- DATA PROVIDED
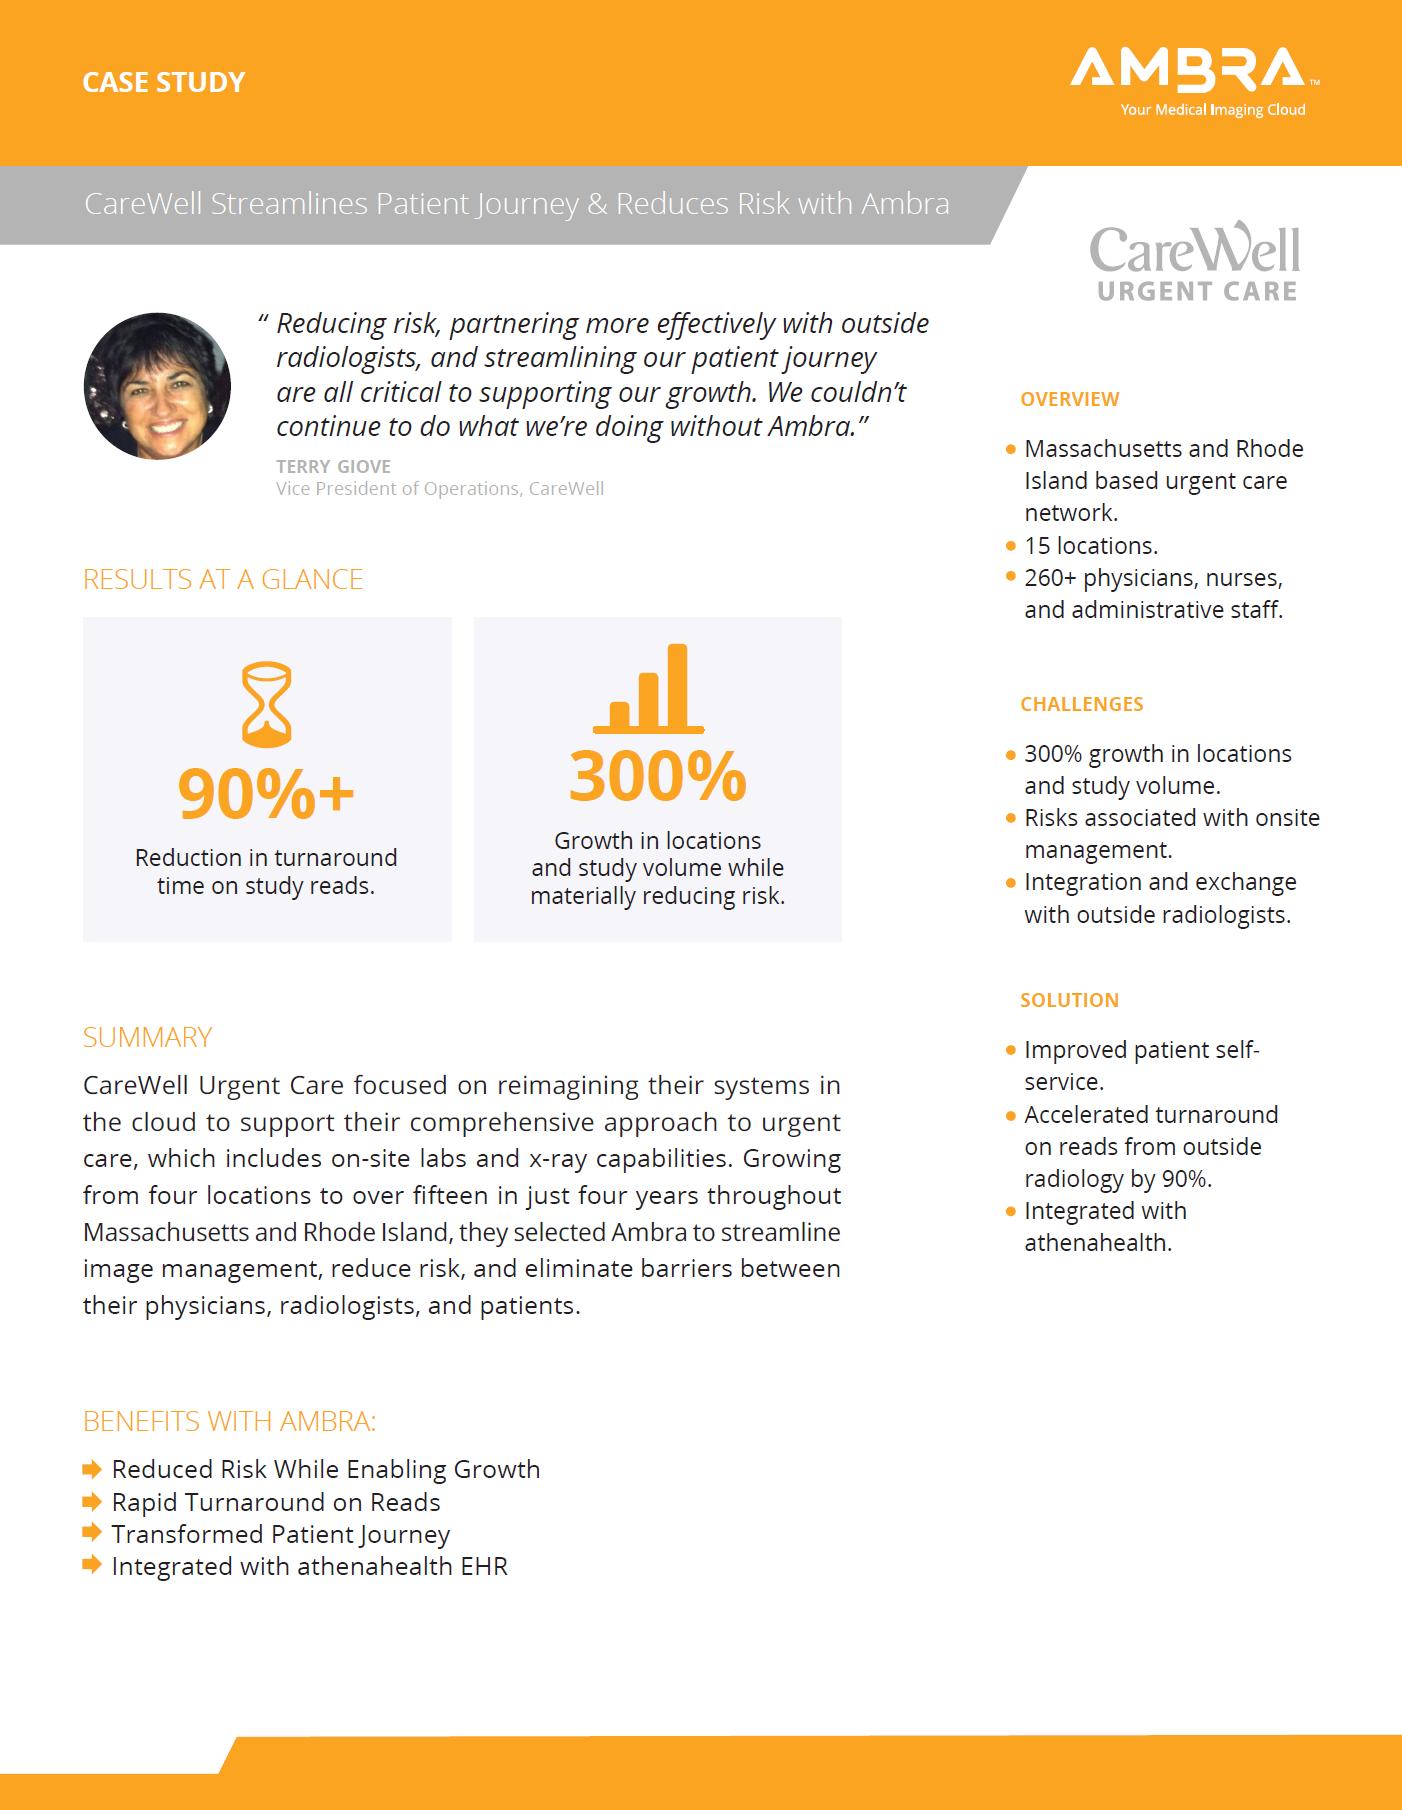 Data-driven case study
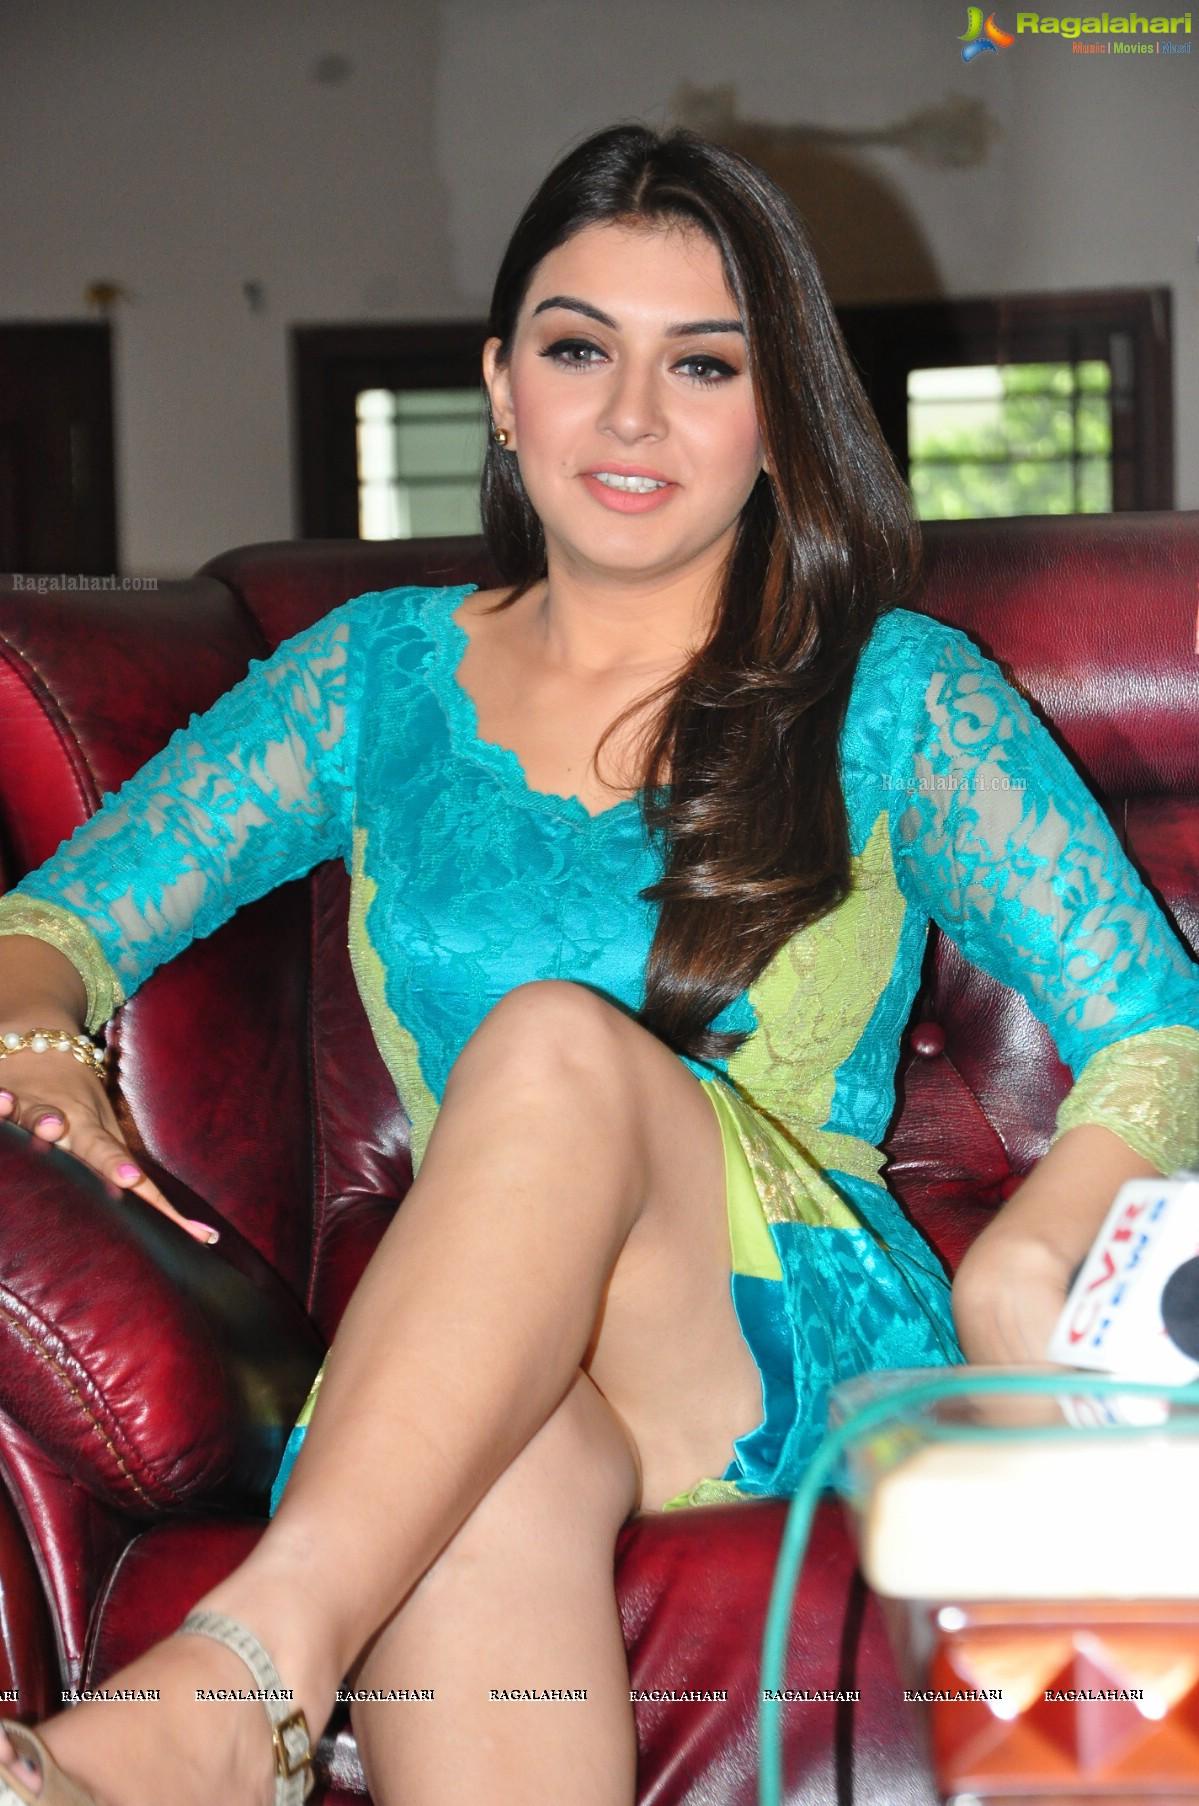 hansika motwani image 5 | latest actress galleries,images, photos
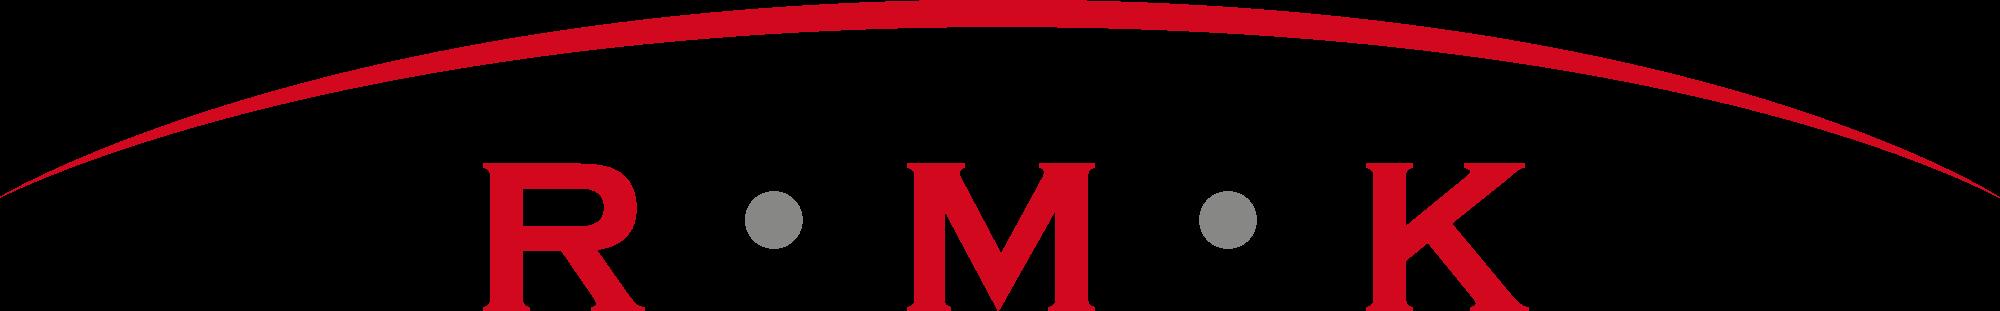 Logo RMK - Radloff, Meier & Kollegen

- WHAT YOU NEED TO DO
When you restate the listing, keep every word as it is and drop the pictures.

- EXPECTED ANSWER
 Data-driven case study
 hansika motwani image 5 | latest actress galleries,images, photos
 Logo RMK - Radloff, Meier & Kollegen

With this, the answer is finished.